И действительно, 3 декабря 1918 года Коллегия отдела ВЧК приняла такое решение. В это время в адрес властей одно за другим направлялись ходатайства прихожан Всехсвятского храма, а также юридической комиссии Московского политического Красного Креста об освобождении отца Николая. В конце концов 16 апреля отец Николай был отпущен на свободу, а дело прекращено без указания оснований, что свидетельствует о безрезультатности попыток следственных органов уличить священника в предъявленных ему обвинениях.
Оберегая церковную власть от греха измены Христу
Арест и заключение, пережитые испытания, вести о расправах над иерархами и священнослужителями, осознание угрозы, исходившей от молодой безбожной советской власти, привели к серьезным изменениям в мировоззрении отца Николая. Он отказался от своего прежнего либерального курса. Произошло это еще и в связи с тем, что вскоре церковное свободомыслие, явившее в обновленческом движении самую уродливую свою личину, стало использоваться властью в борьбе с Русской Церковью. Для отца Николая преданность канонической Церкви во главе с Патриархом была абсолютной ценностью в сравнении со всеми прежними идеями о путях ее реформирования.

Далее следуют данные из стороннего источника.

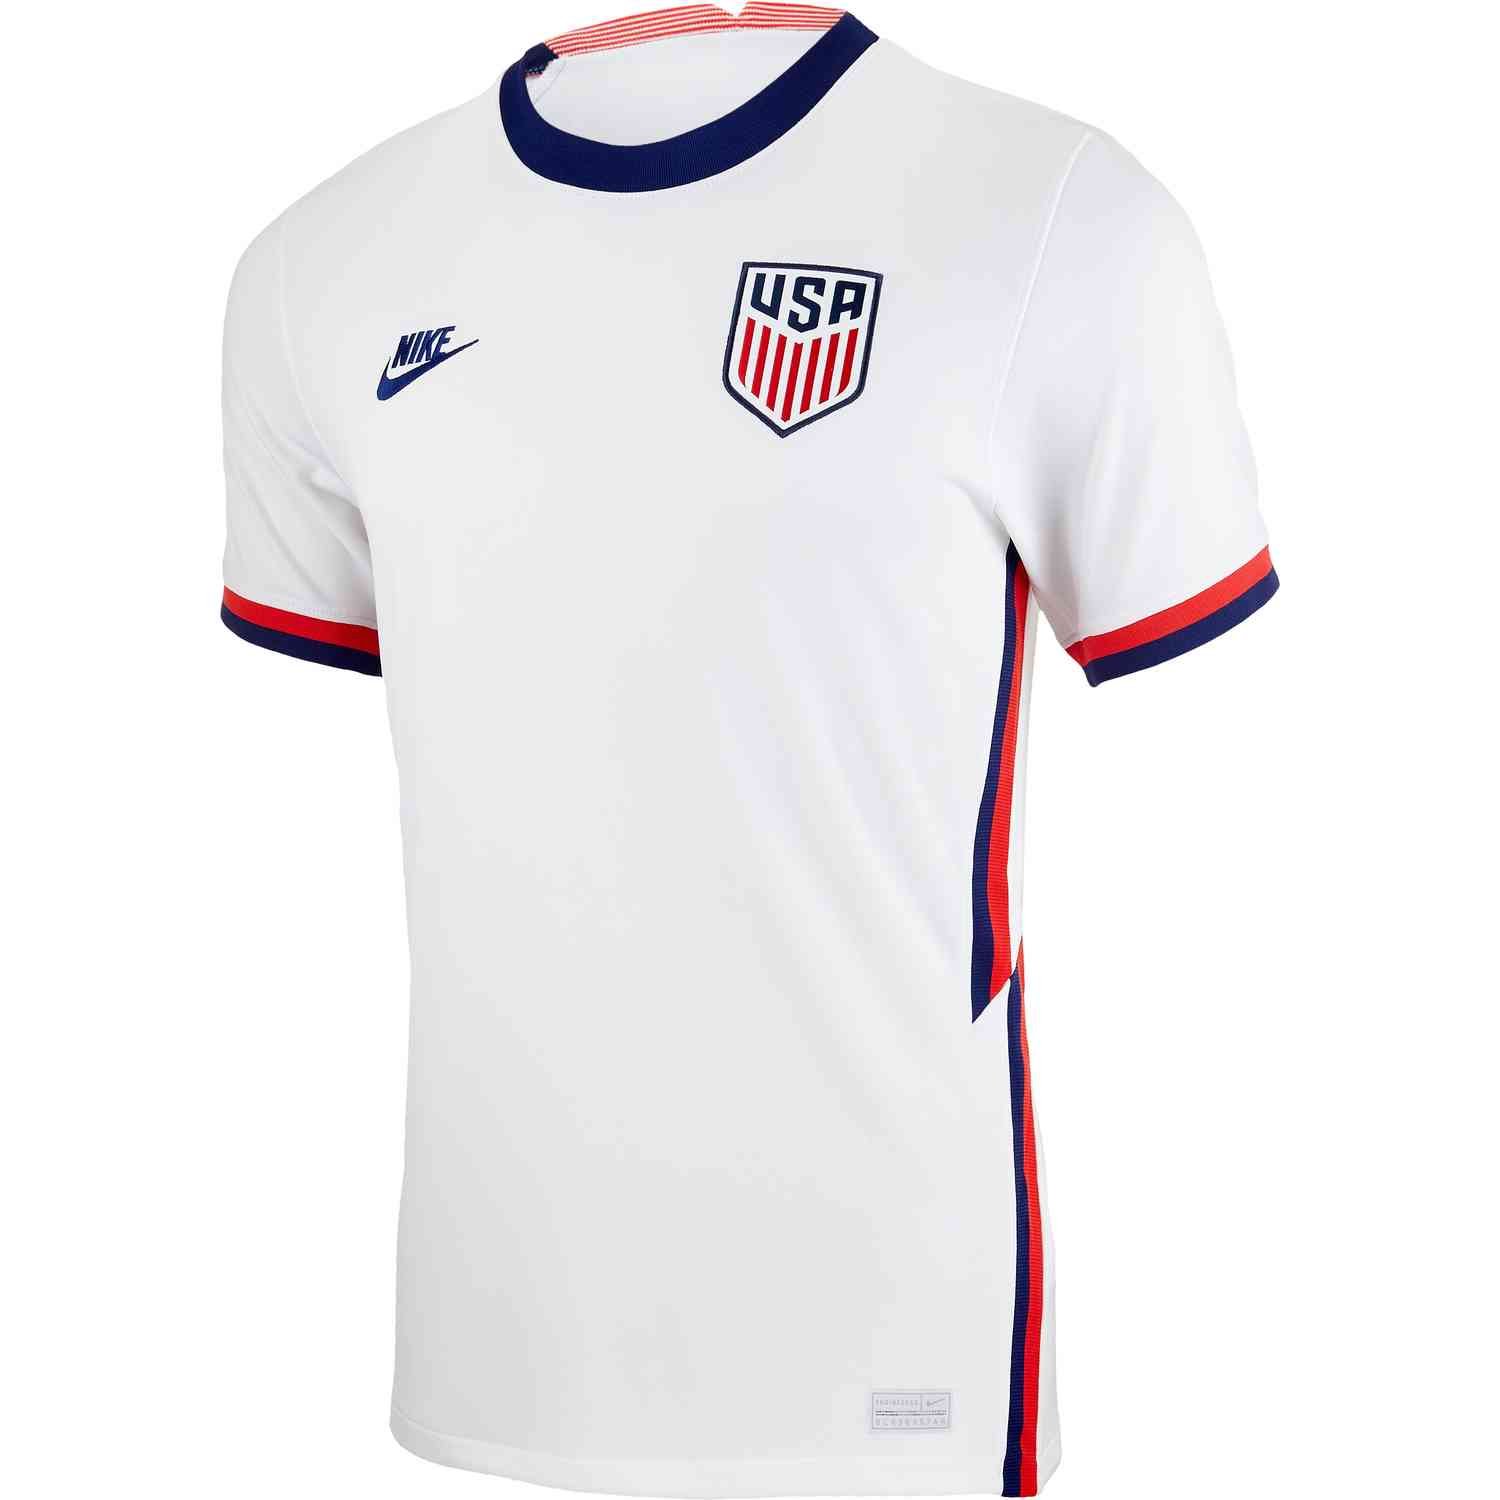 us soccer 2020 kit

Если 1917 году, за несколько дней до революционного переворота в стране, выступая на Всероссийском церковном соборе против восстановления в Русской Церкви патриаршества, протоиерей Николай произнес следующие слова: «Я желаю сказать: не говорите, что если будет Патриарх, тогда у нас непременно все объединится. <…> Итак, примеры истории говорят, что вождь может быть только тогда, когда он — у всех на виду, а мы такого вождя не видим; его среди нас нет»13, — то теперь в лице Всероссийского Патриарха он видел именно такого консолидирующего деятеля и вождя.
Архипастырь, войдя в состав Синода, стал одним из ближайших сподвижников Патриарха Тихона, оказывая ему помощь в защите Церкви от натиска обновленцев, отстаивая старый стиль церковного календаря, выступая против включения в состав членов Синода основателя раскольнической «Живой Церкви» «первого протопресвитера всея Руси» В. Красницкого, за что подвергался репрессиям со стороны советских властей.

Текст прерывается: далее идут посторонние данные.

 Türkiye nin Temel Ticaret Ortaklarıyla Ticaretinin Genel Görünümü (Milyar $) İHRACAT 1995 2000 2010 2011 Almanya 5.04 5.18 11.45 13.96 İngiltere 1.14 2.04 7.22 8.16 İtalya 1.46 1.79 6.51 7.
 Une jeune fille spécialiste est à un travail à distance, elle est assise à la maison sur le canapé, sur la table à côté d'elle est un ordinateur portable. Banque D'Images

В начале 1921 года протоиерей Николай был назначен настоятелем Крутицкого Успенского собора. В этом же году он был пострижен в монашество и хиротонисан во епископа Звенигородского, викария Московской епархии; возглавлял Миссионерскую комиссию в составе Благочиннических советов по борьбе с неверием и сектантством.

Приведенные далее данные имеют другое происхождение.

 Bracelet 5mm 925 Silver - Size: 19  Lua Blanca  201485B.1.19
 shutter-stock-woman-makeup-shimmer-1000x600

В марте 1922 года епископ Николай временно назначается управляющим Московской епархией в связи с арестом архиепископа Никандра (Феноменова). Архипастырь проводит реформу приходов, главными элементами которой было введение приходской благотворительности и бесплатных треб.
По обвинению в контрреволюционной деятельности, которая, по мнению следствия, выразилась в противодействии изъятию советскими властями церковных ценностей и создававшемуся обновленческому движению, в 1922 году были арестованы многие архиереи, в том числе епископ Николай. Вместе с другими архипастырями он содержался в пересыльной тюрьме города Владимира, а через некоторое время был приговорен к одному году ссылки в Усть-Сысольск (Сыктывкар) Зырянского края. Ссылка завершилась летом 1923 года, а в марте следующего, 1924 года владыка Николай был возведен Патриархом Тихоном в сан архиепископа и назначен управляющим Владимирской и Суздальской епархией, хотя проживал он в Москве, не имея возможности прибыть во Владимир из-за противодействия советских властей. Он управлял жизнью вверенной ему епархии через викариев, в том числе через епископа Ковровского Афанасия (Сахарова).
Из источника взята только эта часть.